• [Listed entries]
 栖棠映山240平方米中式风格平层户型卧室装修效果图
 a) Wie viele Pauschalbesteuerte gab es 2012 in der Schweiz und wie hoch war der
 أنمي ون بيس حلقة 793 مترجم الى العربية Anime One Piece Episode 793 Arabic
--
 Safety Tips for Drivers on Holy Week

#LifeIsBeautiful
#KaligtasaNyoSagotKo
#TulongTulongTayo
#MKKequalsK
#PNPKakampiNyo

• [Directions for this task] Copy out only the lines above from the one with "栖棠映山240平方米中式风格平层户型卧室装修效果图" to the one with "أنمي ون بيس", inclusive, exactly as they stand.

• [Response area]
 栖棠映山240平方米中式风格平层户型卧室装修效果图
 a) Wie viele Pauschalbesteuerte gab es 2012 in der Schweiz und wie hoch war der
 أنمي ون بيس حلقة 793 مترجم الى العربية Anime One Piece Episode 793 Arabic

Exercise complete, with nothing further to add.